しかしその報道によって情報を得た犯罪者側は「この手口は知られてしまったので別のやり方を考えよう」という風に新たな手口を考案します。つまりその報道は犯人側に手口をより洗練させるための情報を与えてしまうというデメリットもあるわけです。
あるいは、そういった報道により「こういったやり方で人を騙せて金を儲けられるのか。自分もやってみよう」という模倣犯が出てくる可能性もあります。
つまり犯罪に関する報道には大抵の場合メリットとデメリットが両方あるわけなので、NewsPicksさんの記事に関してもそういった視点で評価する必要があると思います。
デメリットがあるとすると「なるほどランサムウェアによる脅迫はこういう手順でやるのか」という情報を模倣犯予備軍に提供してしまう点かなと思いますが、前述のようにこれはどういう犯罪報道も同様なので仕方ないことかなと思います。
そういった点を考慮すると、今回の記事に関しては「攻撃者を大きく利するような点は見当たらない」のに対して、KADOKAWAさん社内のガバナンス不全や上層部のコンプライアンス遵守意識の低さを周知することによる「投資家利益」や「他の企業のセキュリティやガバナンス意識の向上」や「犯罪組織へのこれ以上の資金流入の防止」に繋がるというメリットがあると思います。

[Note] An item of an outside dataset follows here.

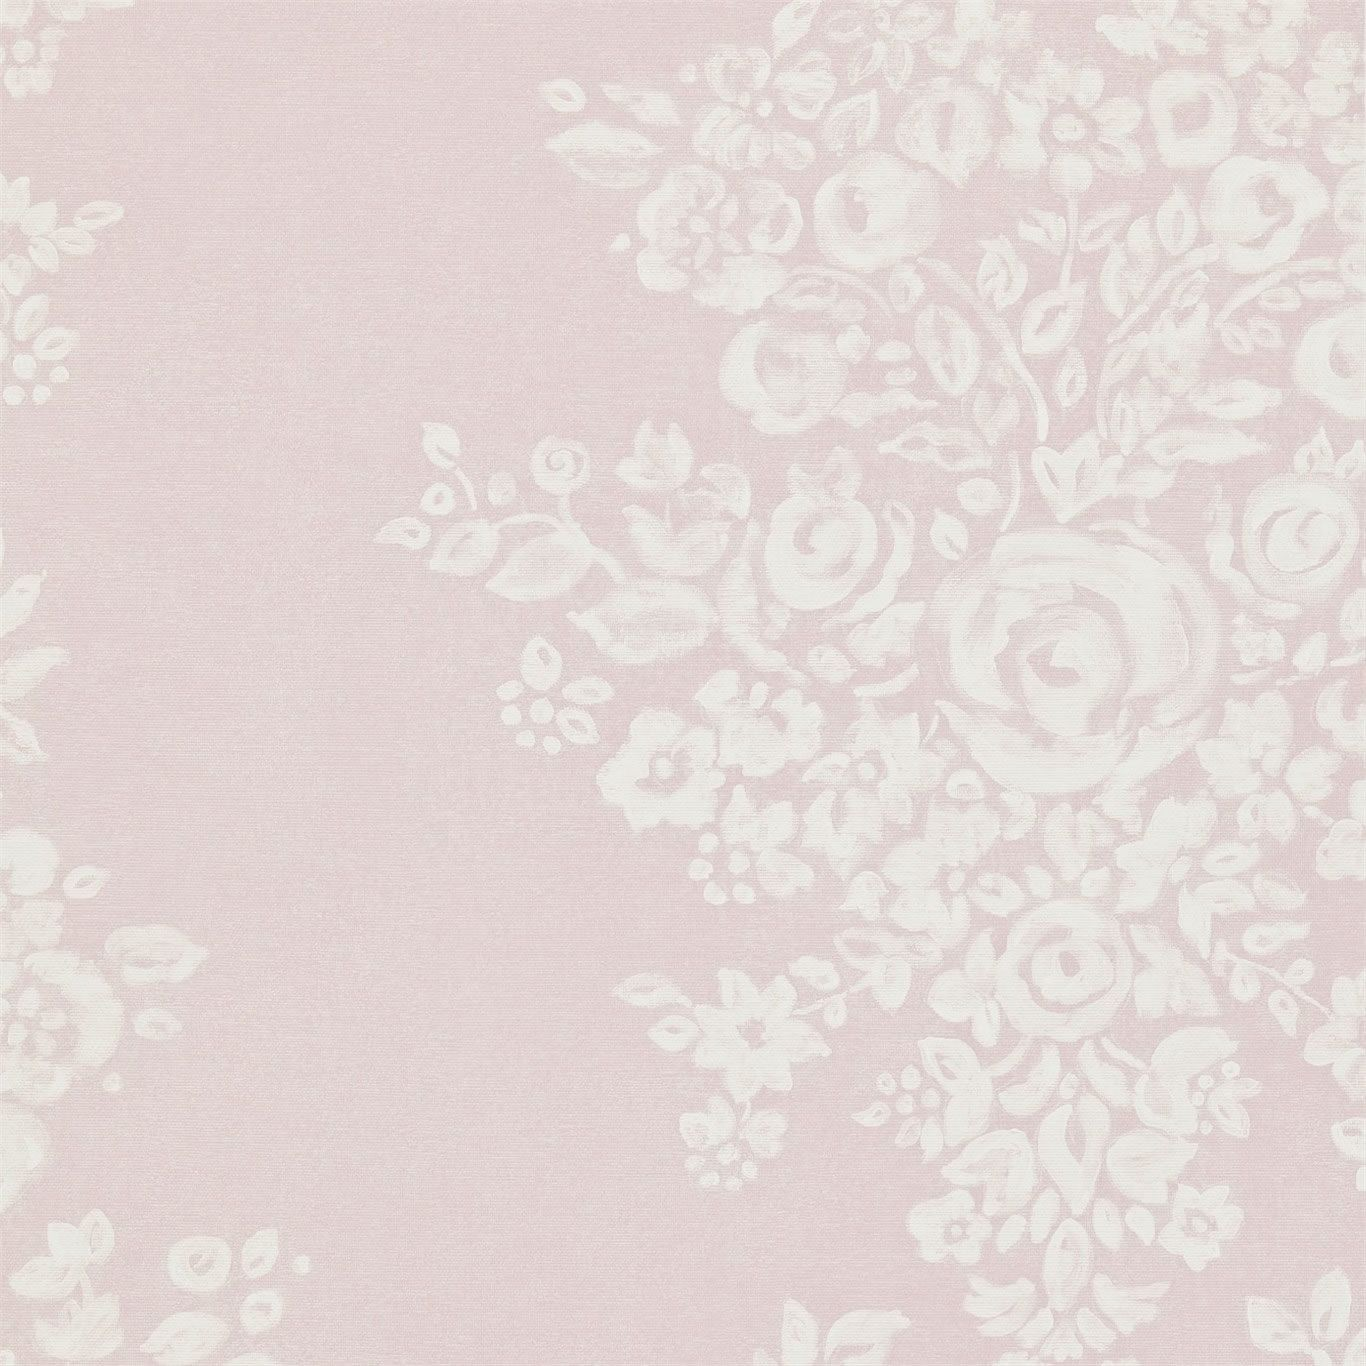 Cream   212856   Freya   Floral Damask   Madison   Sanderson Wallpaper 1366x1366

そういったメリット・デメリットを総合的に判断すると、ハッカー側による攻撃の最中であったとしても(むしろその最中だからこそ)この記事を公開することは十分に社会的意義があるのではないかなというのが私の見解になります。
ちなみにKADOKAWA上層部は6/14のYouTube動画においては「個人情報の漏洩は確認できていない」と発表していましたが、NewsPicksの記事が事実であれば既に6/8の時点で個人情報が流出している可能性を認識していたものと思われます。
つまり6/14の発表に意図的に虚偽を含めて「ハッカーとの交渉がうまくいった場合は実際には発生していた個人情報の漏洩を隠し通すつもりだったのでは」という疑惑が発生することになります。これもまた今後の非常に重要な論点になりそうです。